▶ **Supplied material**

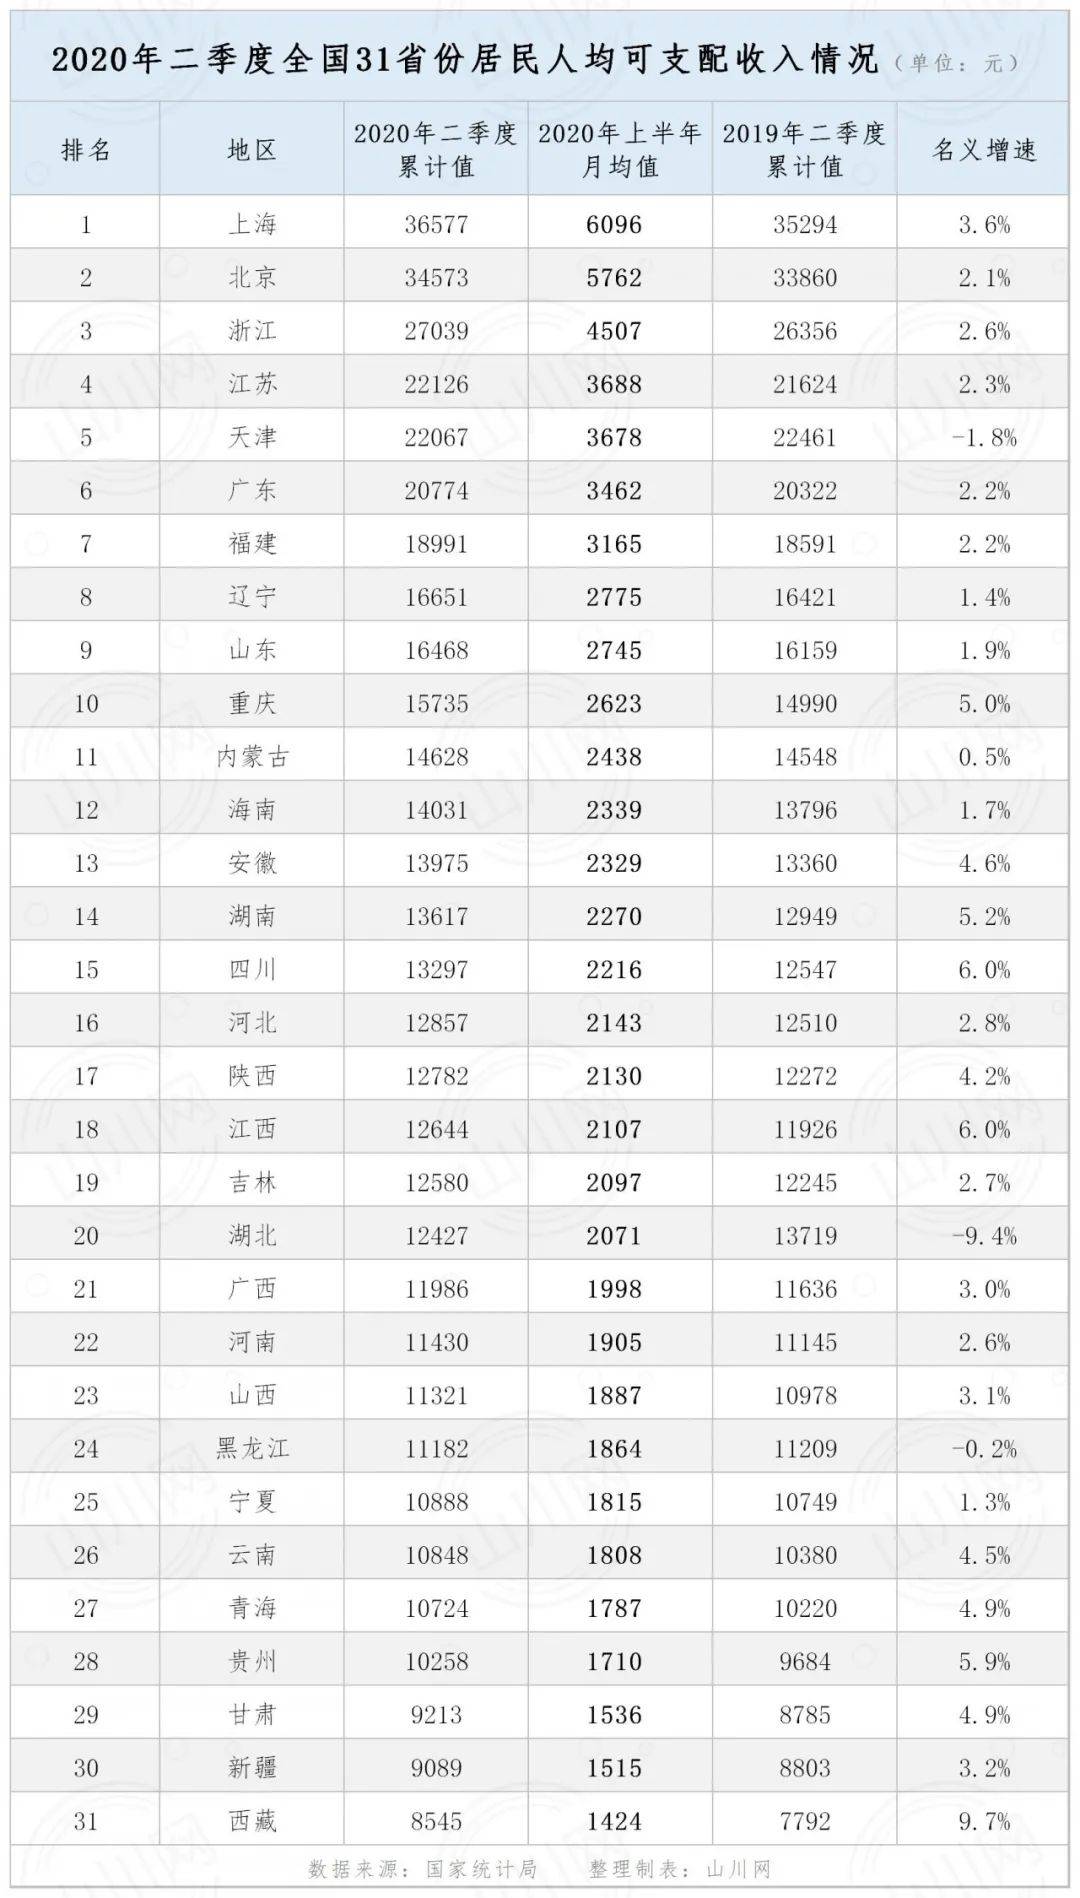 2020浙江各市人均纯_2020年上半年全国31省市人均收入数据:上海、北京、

---

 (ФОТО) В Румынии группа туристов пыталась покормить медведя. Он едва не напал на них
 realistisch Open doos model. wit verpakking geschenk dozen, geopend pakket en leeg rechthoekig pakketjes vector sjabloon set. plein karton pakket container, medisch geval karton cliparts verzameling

--

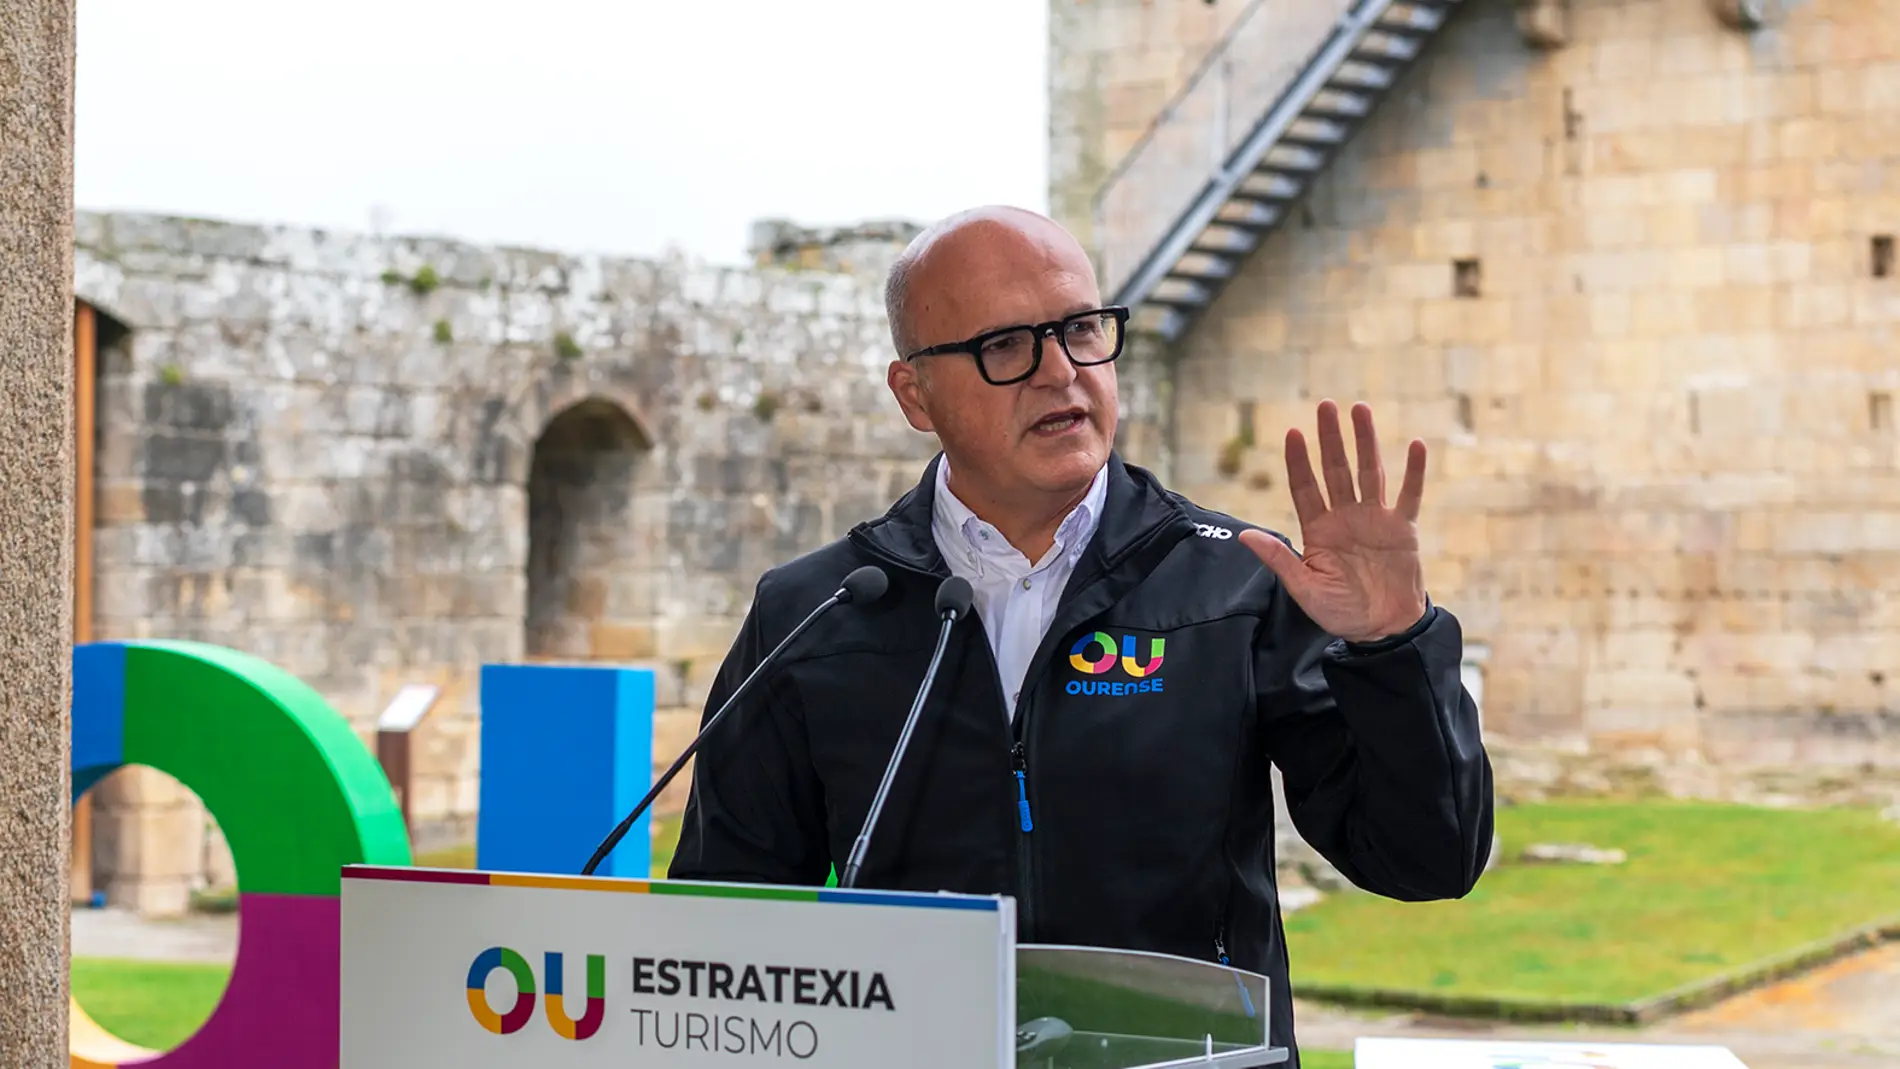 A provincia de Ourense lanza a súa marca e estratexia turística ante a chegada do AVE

▶ **Exercise directions**
Using the records above, restate word for word the lines from the one with "(ФОТО) В Румынии группа" through the one with "realistisch Open doos", both included.

▶ **Written answer**
 (ФОТО) В Румынии группа туристов пыталась покормить медведя. Он едва не напал на них
 realistisch Open doos model. wit verpakking geschenk dozen, geopend pakket en leeg rechthoekig pakketjes vector sjabloon set. plein karton pakket container, medisch geval karton cliparts verzameling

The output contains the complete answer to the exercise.